Há muito que nos meios financeiros se comenta o enorme risco que o Deutsche Bank carrega, comparado a um gigantesco "hedge fund". O nível de ansiedade cresceu em Fevereiro quando surgiram dúvidas sobre a capacidade do banco para pagar os juros de títulos subordinados que emitiu para fortalecer o seu capital, face à baixa rentabilidade gerada.
O CEO veio dizer que o banco é sólido, como uma rocha, e que não precisa de ser salvo pelo Estado. Os portugueses conhecem bem, e por experiência própria, o que este tipo de garantia pública costuma prenunciar. Apressou-se ainda a vender uma seguradora britânica para anunciar um encaixe de mil milhões de euros.
Os nervos são justificados, mas podem ser exagerados. Mesmo que o pior cenário para o Deutsche Bank se viesse a confirmar, há uma força imensa em ser um "banco demasiado grande para falir": ninguém deixará que isso aconteça. E o Governo alemão certamente não o deixará, mesmo que agora o negue. A decisão deixa Merkel entre a espada e a parede: ser trespassada pelos danos na economia ou esmagada pelos danos eleitorais de um salvamento público. Caso o Estado seja chamado a intervir, será interessante perceber como a chanceler e o seu ministro das Finanças conseguirão fugir à ortodoxia na aplicação das regras do "bail-in" que impõem noutros países.

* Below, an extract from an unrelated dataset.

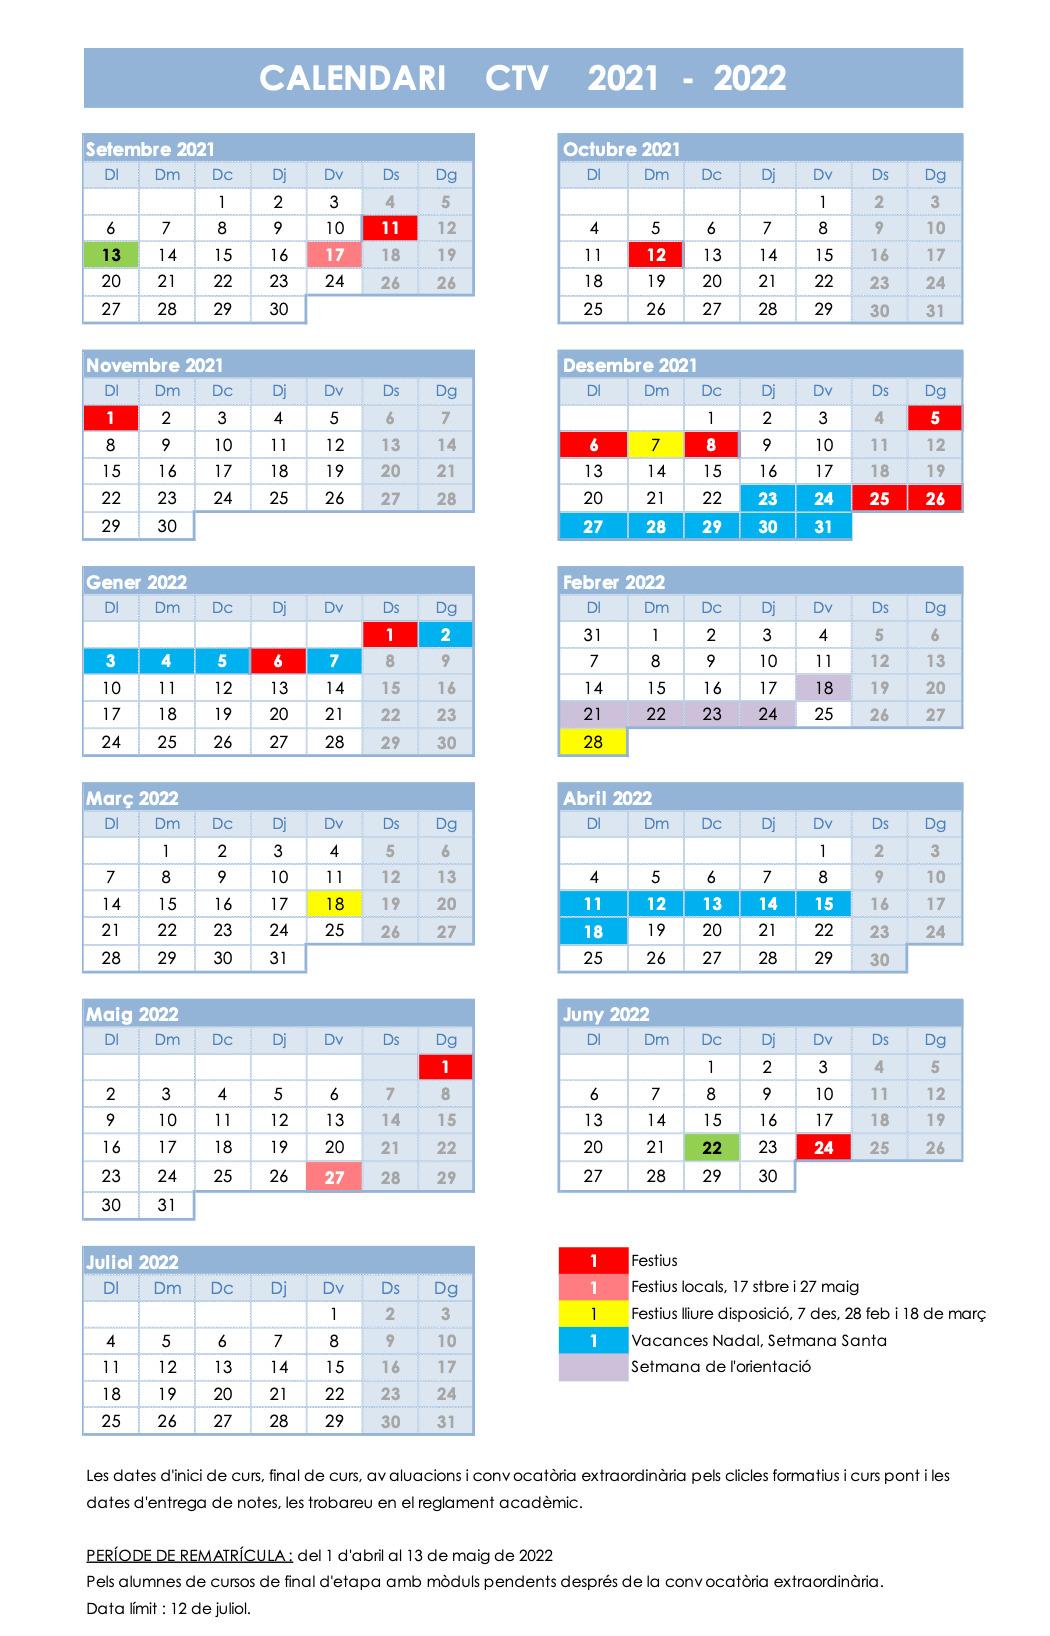 CALENDARI ESCOLAR CTV CURS 2021-2022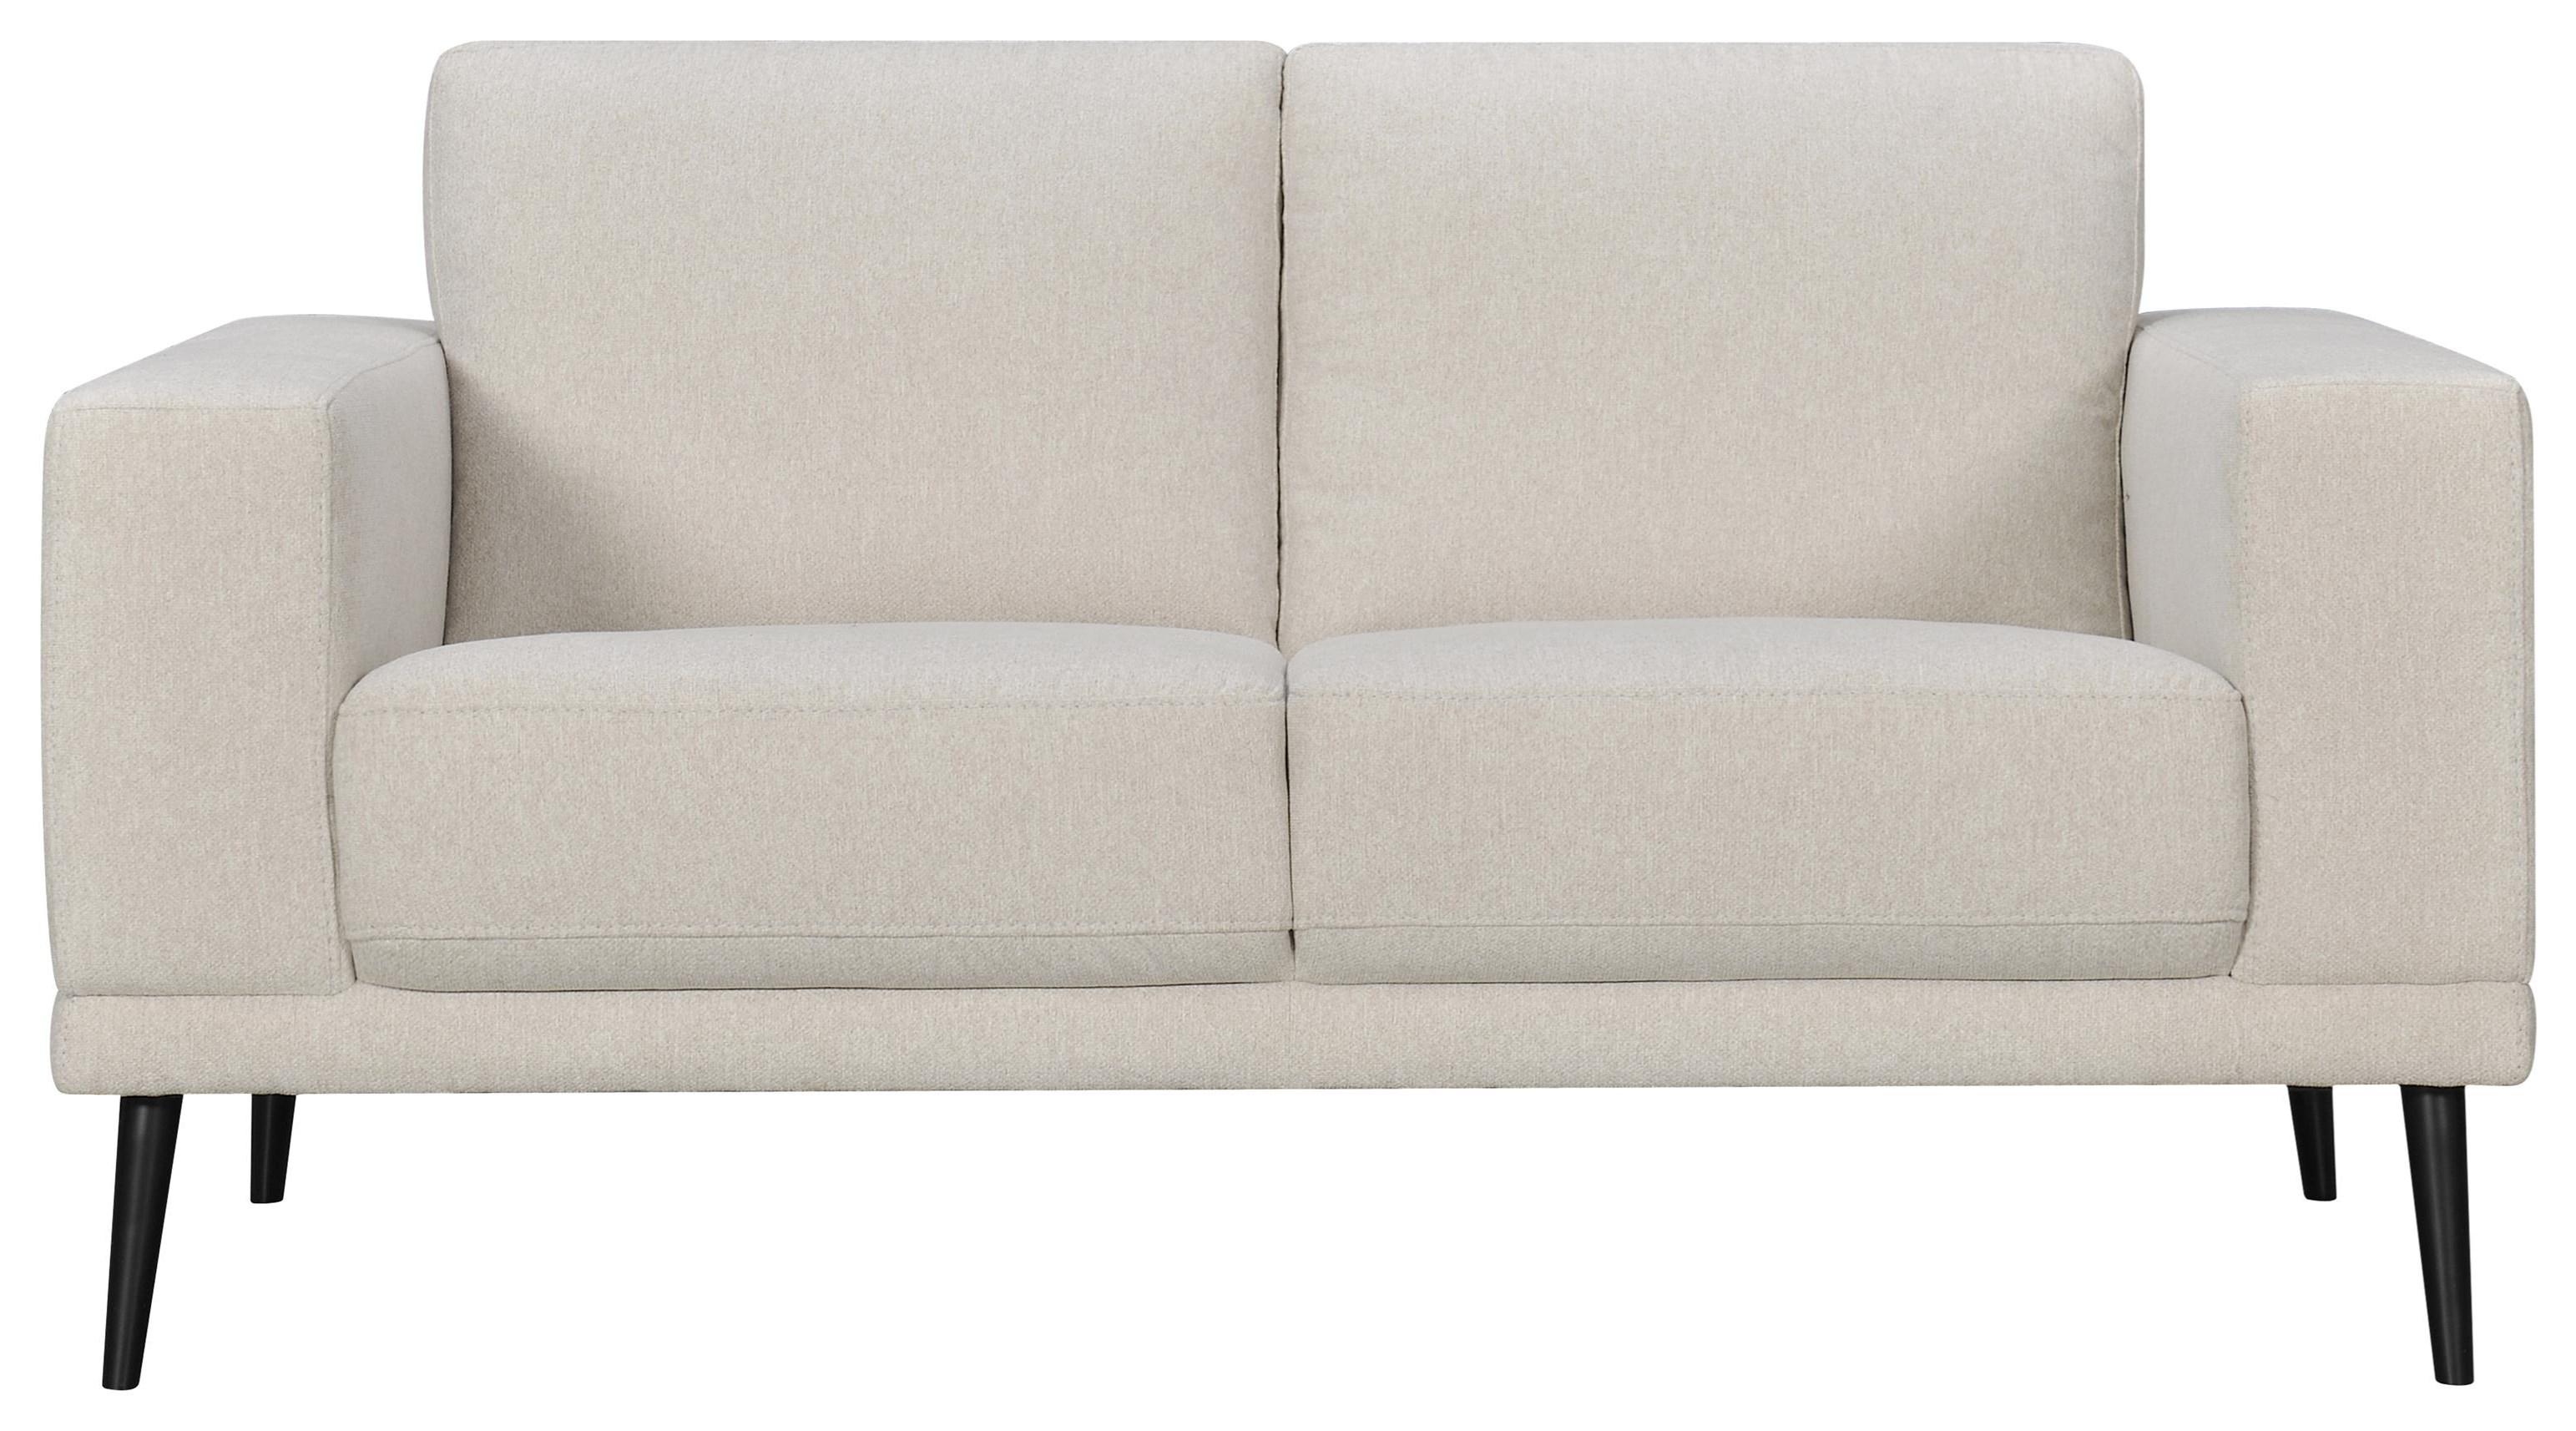 Harlow Loveseat by Violino at HomeWorld Furniture

Seja qual for o desfecho, e espera-se que seja o mais benigno possível, ficou mais evidente a situação frágil em que ainda se encontra o sector financeiro da Zona Euro. E este caso, tal como o da banca italiana, é revelador de que empurrar os problemas com a barriga está longe de ser um desporto nacional. Com uma agravante: as consequências agora poderão ser muito mais graves.